UN General Assembly adopted the resolution by consensus and invited member states to take action. March 20, 2012 marked the world’s first International Happiness Day, declared by the UN to signal the importance of going beyond Gross Domestic Product (GDP) as a measure of progress. A UN sponsored World Happiness Report was released. It showed that money and economic growth have a relatively weak correlation to happiness; happiness is much more strongly associated with things like community engagement, having lots of friends, doing work you love, and feeling a sense of trust in others. Altruism, too, is essential; a world that makes equity, care, and compassion more possible will be a happier world.

Have you heard of this? What is the US doing? Interestingly enough, there is activity in this regard – a website http://www.gnhusa.org/ It is a resource to disseminate information and coordinate activities in the US. Among the many opportunities for participation, they are promoting Pursuit of Happiness Day Sunday, April 13, 2014. The website offers a blog and mailing list to keep you up to date on happenings.

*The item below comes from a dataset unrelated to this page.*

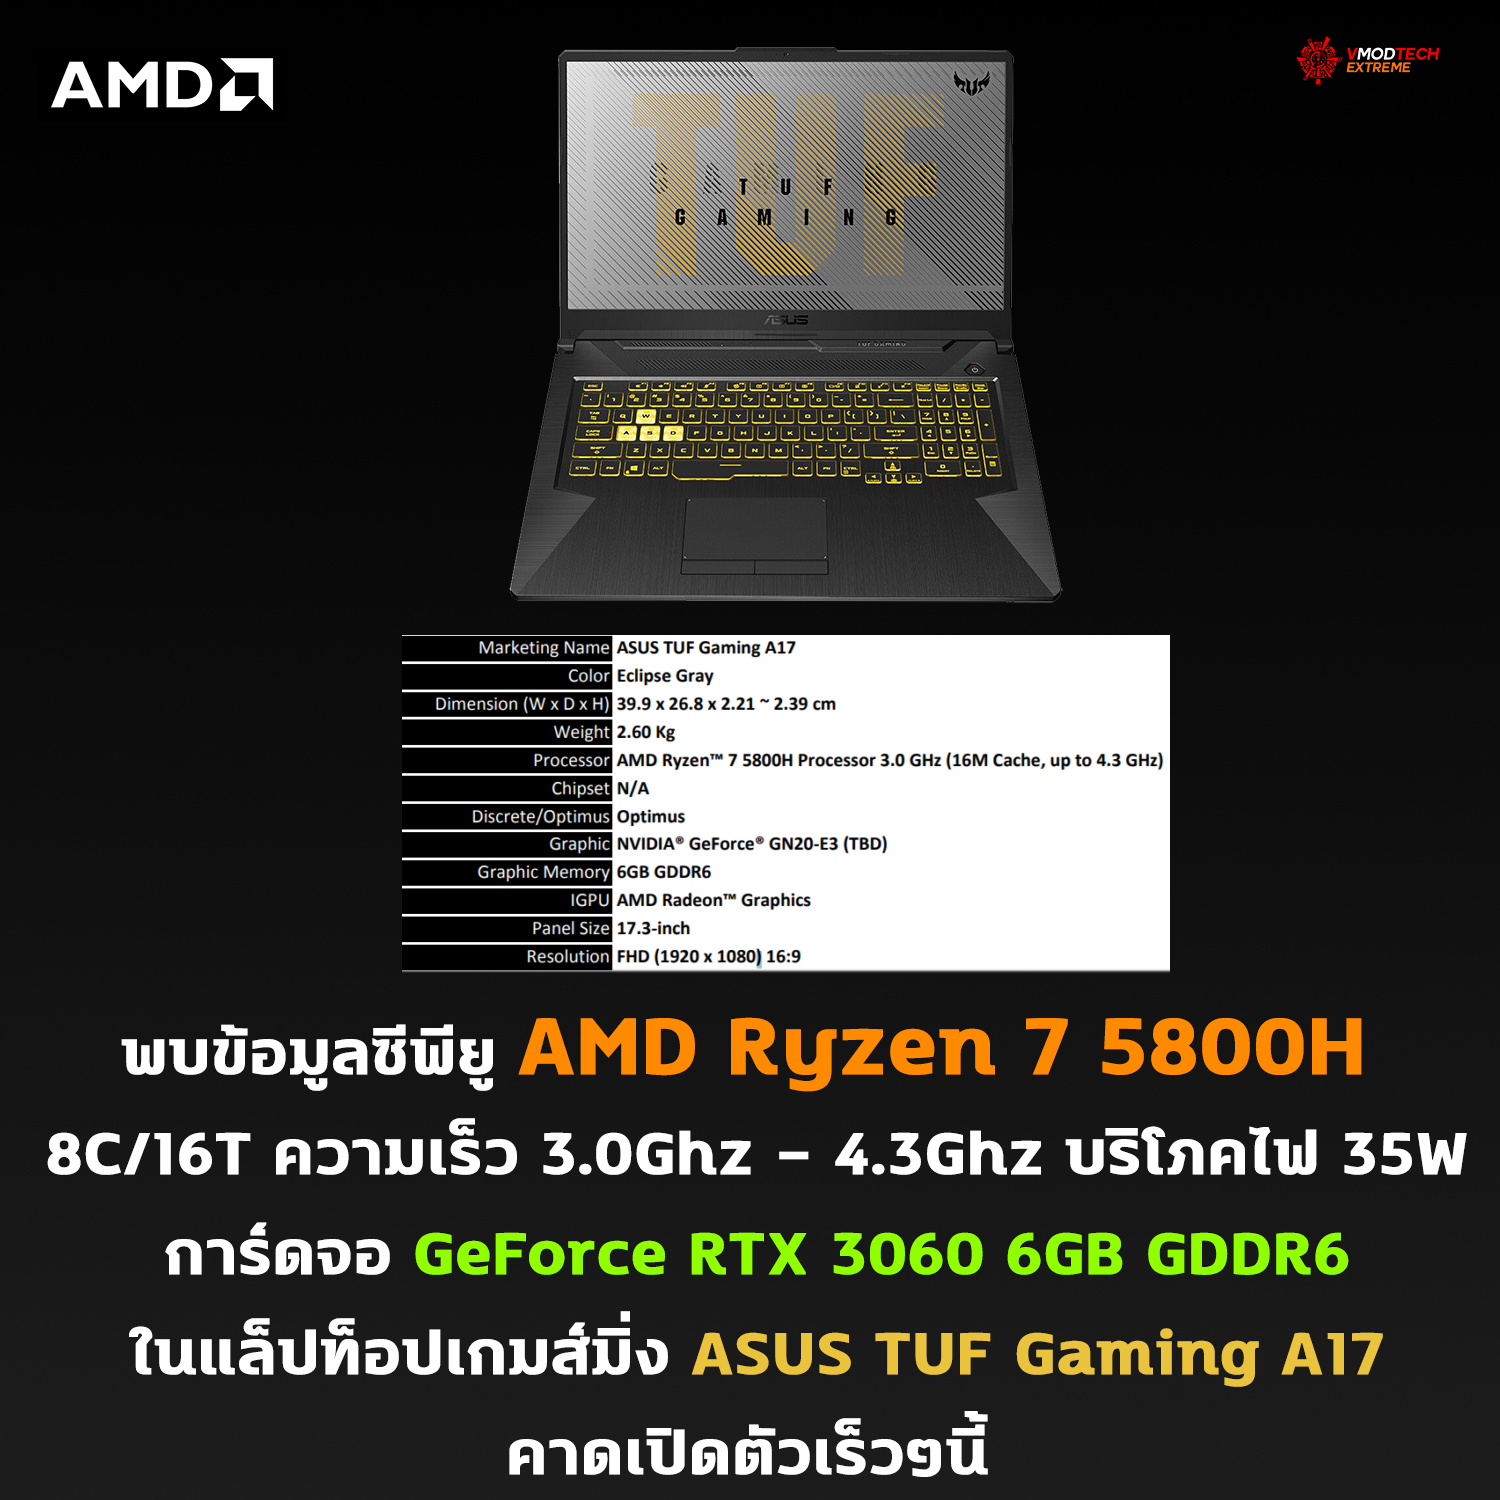 amd ryzen 7 5800h geforce rtx 3060 asus tuf gaming a17 พบข้อมูลซีพียู AMD Ryzen 7 5800H และการ์ดจอ GeForce RTX 3060 รุ่นใหม่ล่าสุดในแล็ปท็อปเกมส์มิ่ง ASUS TUF Gaming A17 คาดเปิดตัวเร็วๆนี้

Haven’t heard too much about activity in Wisconsin other than in Eau Claire, where the city government is working with a local chamber of commerce, state university, boys and girls club, library, and other organizations to gather data and convene town meetings where residents can discuss ways to promote quality of life. They have a website, too. http://www. clearvisioneauclaire.org

The time has come for global action to build a new world economic system that is no longer based on the illusion that limitless growth is possible on our precious and finite planet. I’m on board. I’m a messenger. Are you called to participate or contribute? There are lots of resources on the internet from webinars, handbooks, surveys, toolkits, training sessions and more at http://www.happycounts.org/

Meanwhile, think about and practice the 5 ways to wellbeing suggested by Nic Marks:
1.       Connect
2.       Be Active
3.       Take Notice (Awareness)
4.       Keep Learning (Curiosity)
5.       Give (Time, Talents and Money)

Be aware. Be Happy. Celebrate International Day of Happiness March 20, and Pursuit of Happiness Day, April 13.